Slice of Life: She Makes Worlds

(This post is part of the regular Slice of Life series over at Two Writing Teachers.)
kait game collage

Yesterday, my sixth graders all set up and started using their new accounts in Gamestar Mechanic as we gear up for a Video Game Design unit in which they will be designing, building and publishing video games to show knowledge of cellular structure. I’ll write about that another day …

But as I was getting ready to invite this year’s sixth graders into our “classroom” on Gamestar, I began weeding some former students out. I let them stay in the premium space until I need their slots for my classroom account, and then I boot them out. They all know this, so it won’t be a surprise, and they don’t lose their work. They just lose their premium status (unless they want to pay Gamestar). As I was removing students, I noticed something that caught my eye.

One of my students had not only created 61 video games, she had also reviewed 1,140 games of other players and left 2,120 comments on other people’s games. Now, that’s a lot, and I wondered what was going on with her since she left our school last June. I know she loved the site, and that she is very social by nature, but even for her, this amount of activity seemed excessive.

So, I trolled her account a bit, checking out her games, and it turns out, she was up to something very interesting. Throughout the summer, she had been constructing an informal network of other gaming kids to create a series of game design challenges, using the comment box/review box features for the games to organize the network of other kids. They would plan “meet” times in Gamestar, and then leave a thread of comments as they planned out the next activity, and then go through a voting system, and then announce the winners with a published game. They “followed” each other to keep track of the activity.

On one hand, this is the most inefficient system to do this kind of community building. The site is just not built for this. On the other hand, I am so proud of her for hacking the system to make it work for her, to some degree, and for constructing this whole framework of young gamers in Gamestar Mechanic. Reading through just some of the comment threads (there is no way I can get through 2,000 of them), I can see these kids navigating what it means to write in online spaces and using media to create things together and to find common ground among interests.

All of this … on their own, completely outside of the radar of any adults, as far as I know. I only stumbled upon it accidentally. Needless to say, I did NOT bump HER from my classroom account. I’m going to give her the room she needs to do what she’s doing, and see where it takes her.

Peace (in the game),

  1. Kevin, I always love it when the kids take off on their own like that. It’s almost like I become nonessential as my students find new ways to use what I’ve taught them. What your student did is so impressive.

    I’ll be checking back to learn more about Video Game Design unit. It’s an area I know nothing about and I find it very intriguing. Happy Thanksgiving!

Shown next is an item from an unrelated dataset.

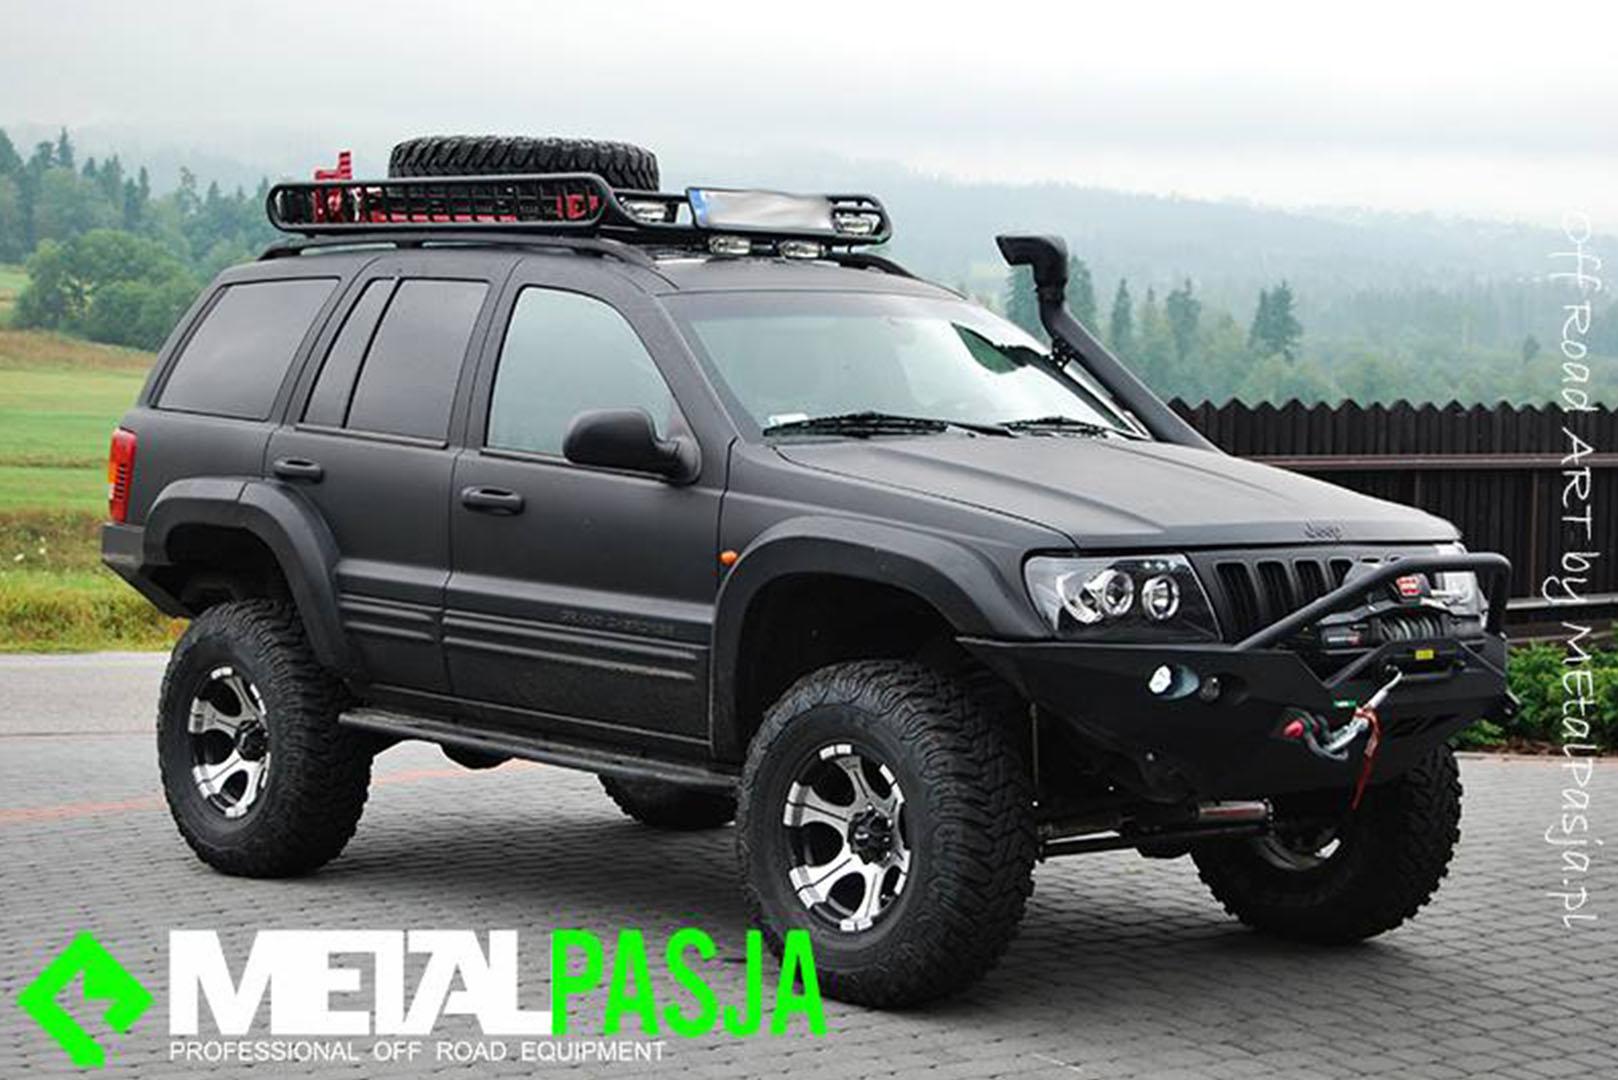 1_0013_Jeep-Grand-Cherokee-modyfikacje-off-road-1.jpg

  2. Wow! I love this! After 21 years, I continue to be amazed when students take the lead and demonstrate literacies we work so hard to infuse in them. What a great example!

    As the wife of a 44 y/o online gamer (professional by day, gamer by night/weekend – occasionally), I am especially impressed with her fortitude to, as you say, ” ….hacking the system to make it work for her, to some degree, and for constructing this whole framework of young gamers ….” wherein they are having to navigate the necessary reading and writing, which speaks to my Reading Specialist heart 🙂 .

    Great post and thanks for sharing. Glad to hear you didn’t bump her out of the premium account. I suspect you’ll continue to read great things about your aspiring game-world community builder.

    BTW, found your post via Slice of Life this morning. No school for us this week.. time to read and write.

  3. Wow. Amazing what kids do when we give them the opportunity.
    As always I am floored by the “space” you give your kiddos. Gamestar huh. I wish I could spend a day in your classroom

  4. Kevin,
    I LOVE this Slice. That’s the kind of kid I want to meet. How smart of you to follow her trail and notice what she’s done. Smart kid. 🙂

  5. It’s wonderfully inspiring when you see this happening. I think parents and teachers are always hoping for something like this. It is one of my Whys as a trainer/teacher to provide trainees & students whether they are adults or kids with opportunities where they find their own inspiration. I only wish that schools create those opportunities more often.

  6. Reminds me of Sugata Mitra’s hole in the wall gang. Humbling, isn’t it? Right place, right time, just the right amount of support. I wonder if she woulda done what she done without you. Probably, but very differently. I really appreciate how you are treading so lightly around her works. Keep on, dude.